El de Farsalia fue un combate entre romanos. Es de suponer que los
procedimientos de aproximación fueran los usuales. Primero avanzarían las
ordenadas cohortes a paso de marcha. A una distancia prudencial se detendrían
ambos ejércitos y comenzarían a desafiarse gritando (clamore sublato)
tanto para enardecerse
como para amedrentar al enemigo. Luego, a una señal de los
oficiales que a su vez la recibían del general, las cohortes se lanzaban al
ataque a paso de carga (concursus)
hasta llegar a unos treinta pasos del enemigo, donde
hacían un breve alto para arrojar sus pila en mortífera nube
antes de lanzarse al cuerpo
a cuerpo (Ímpetus).
Ésta era la táctica usual, pero Pompeyo, en Farsalia, intentó
alterarla en su favor.
Cuando los ejércitos llegaron a ciento treinta metros del objetivo, la
acostumbrada distancia del inicio de la doble carga para chocar a medio camino,
el veterano general prefirió dejar que los cesarianos cargaran en solitario.
Quería endosarles el
esfuerzo suplementario para que llegaran a él sin resuello después
de haber cruzado todo el campo. También esto lo había previsto César. Su
primera línea avanzó hasta el centro del campo y, una vez allí, se detuvo a
descansar y realinearse. En aquel momento la caballería de Pompeyo atacó,
pero la de César aguantó bien el impacto, reforzada como estaba por las ocho
cohortes de la reserva, a las que César había dado instrucciones de blandir sus
lanzas a la altura del rostro de los jinetes enemigos. El astuto general, tan
ducho en los salones
frecuentados por los elegantes como en los campos de batalla,
sabía que en la caballería pompeyana militaba la flor y nata de la aristocracia
romana e intuía que aquellos pisaverdes no estarían dispuestos a ganar sus
laureles a costa de cicatrices que les afearan la cara.

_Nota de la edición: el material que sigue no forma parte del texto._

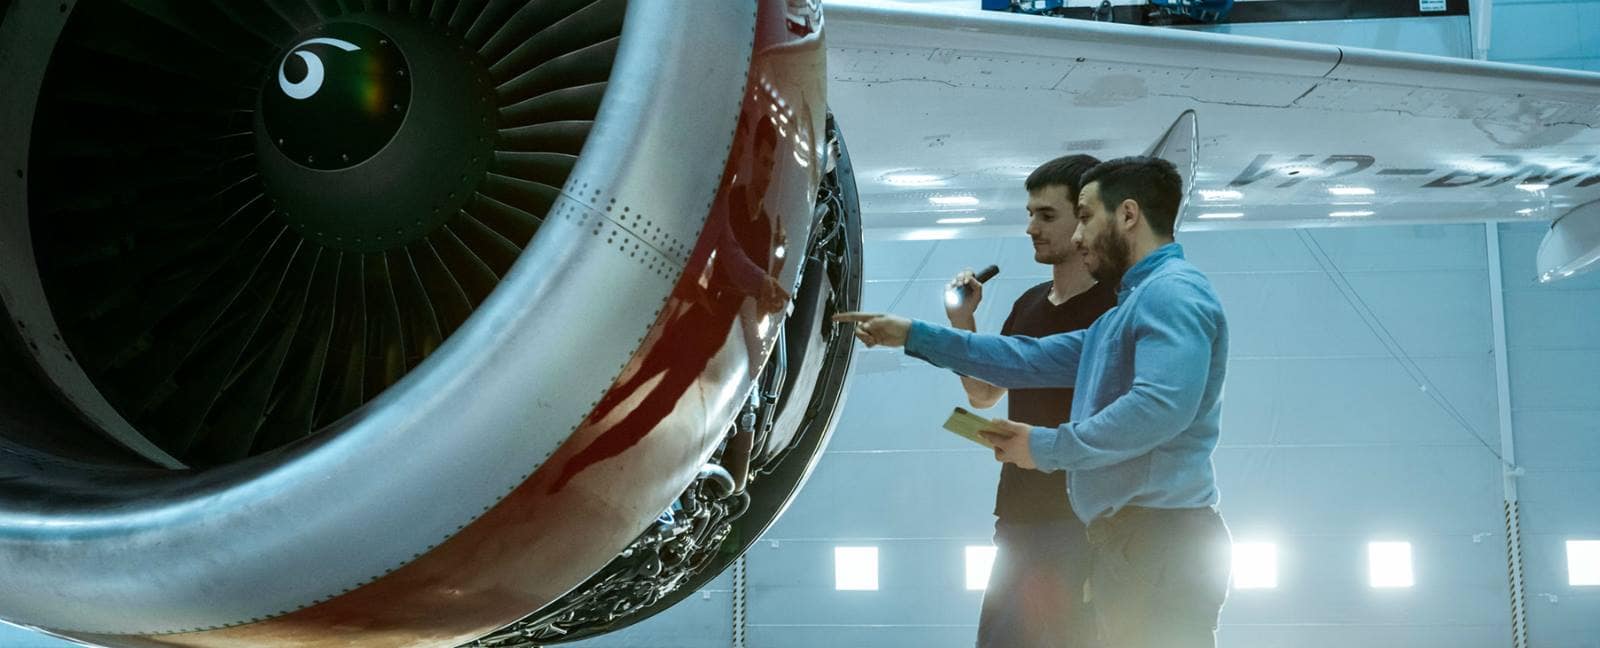 Two men look at a commercial airline engine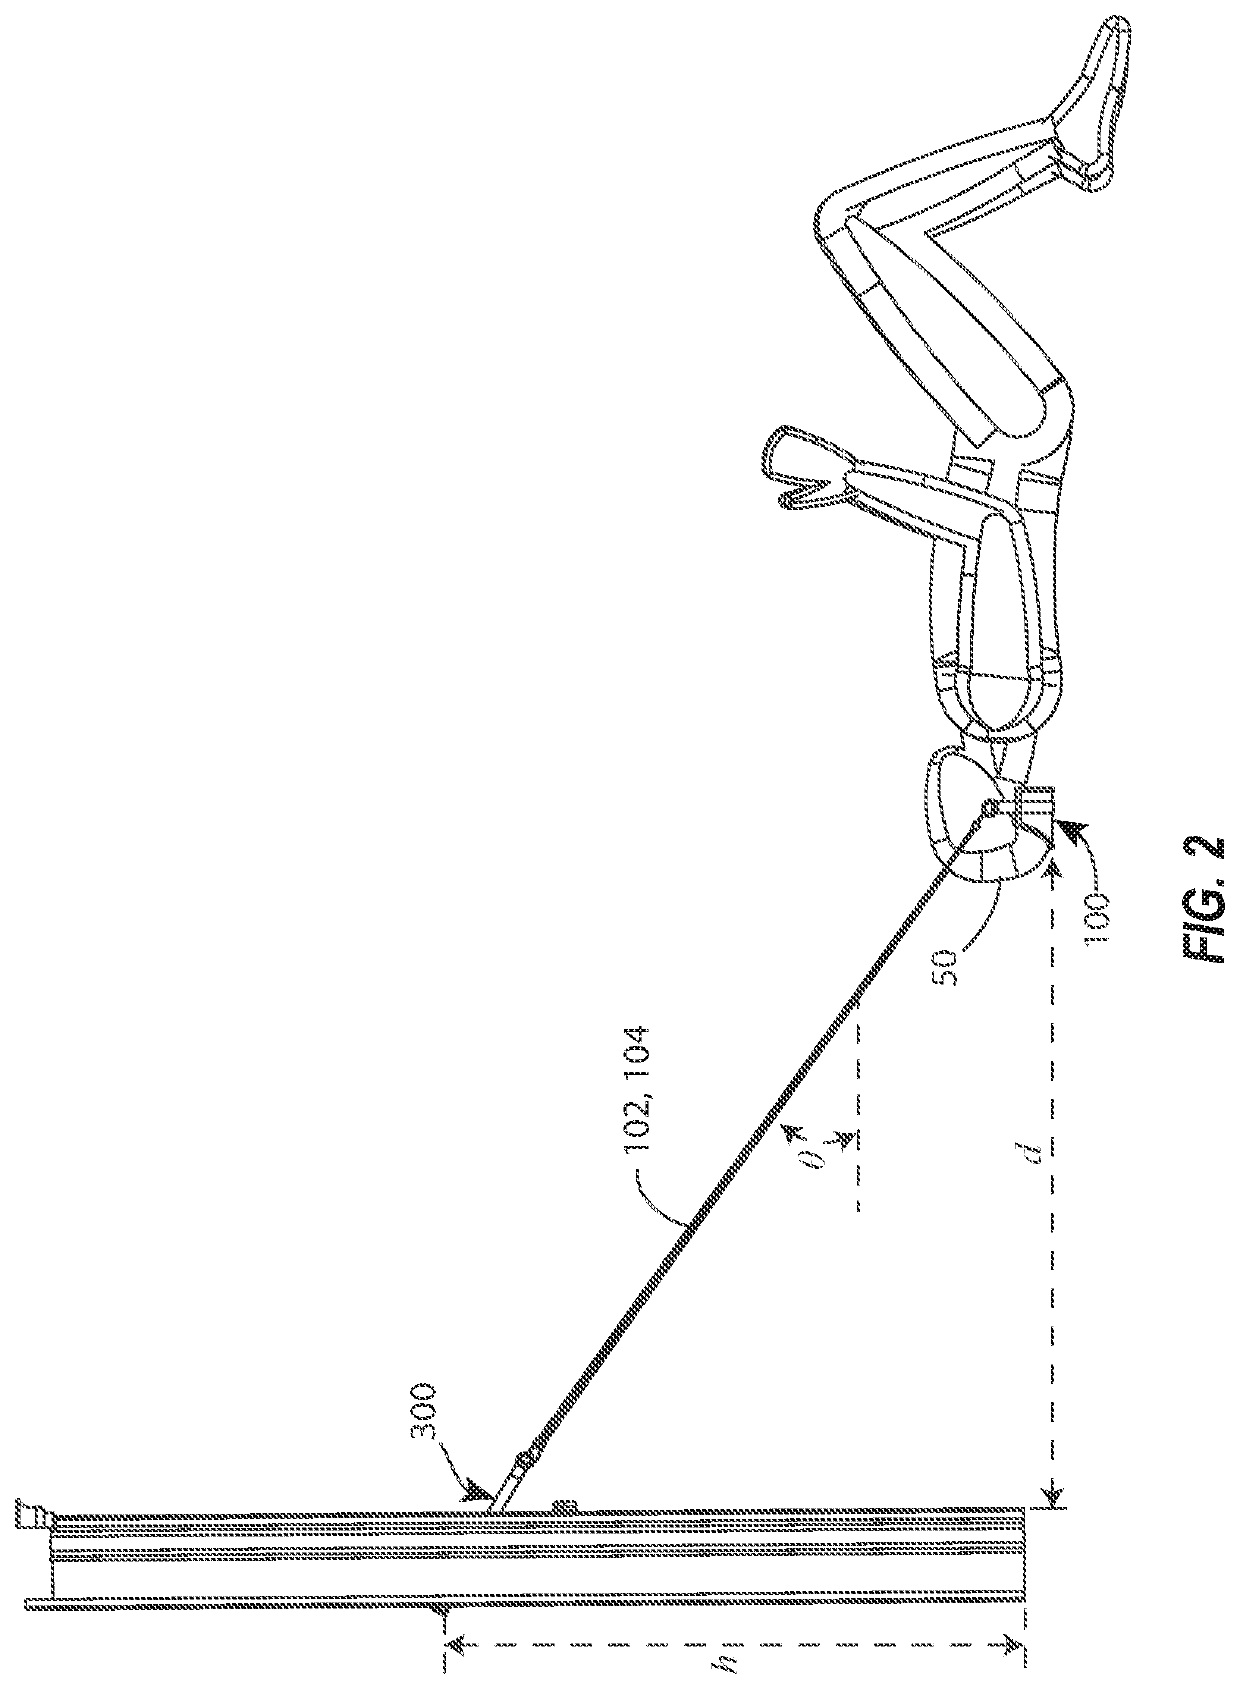 Portable traction device with sling

Todo resultó como César había previsto. Después de un breve
combate, la caballería
pompeyana cedió el campo perseguida por la de César, circunstancia
que aprovecharon las ocho cohortes auxiliares para atacar el flanco izquierdo de
Pompeyo, rodeándolo. Tomados de frente y lateralmente, los pompeyanos
titubearon y cedieron terreno. La presión de las tropas cesarianas aumentó. Al
poco, sus adversarios dieron la espalda y huyeron dejando sobre el terreno entre
seis y diez mil muertos, a los que cabe sumar veinte mil prisioneros. César
solamente sufrió mil doscientas bajas.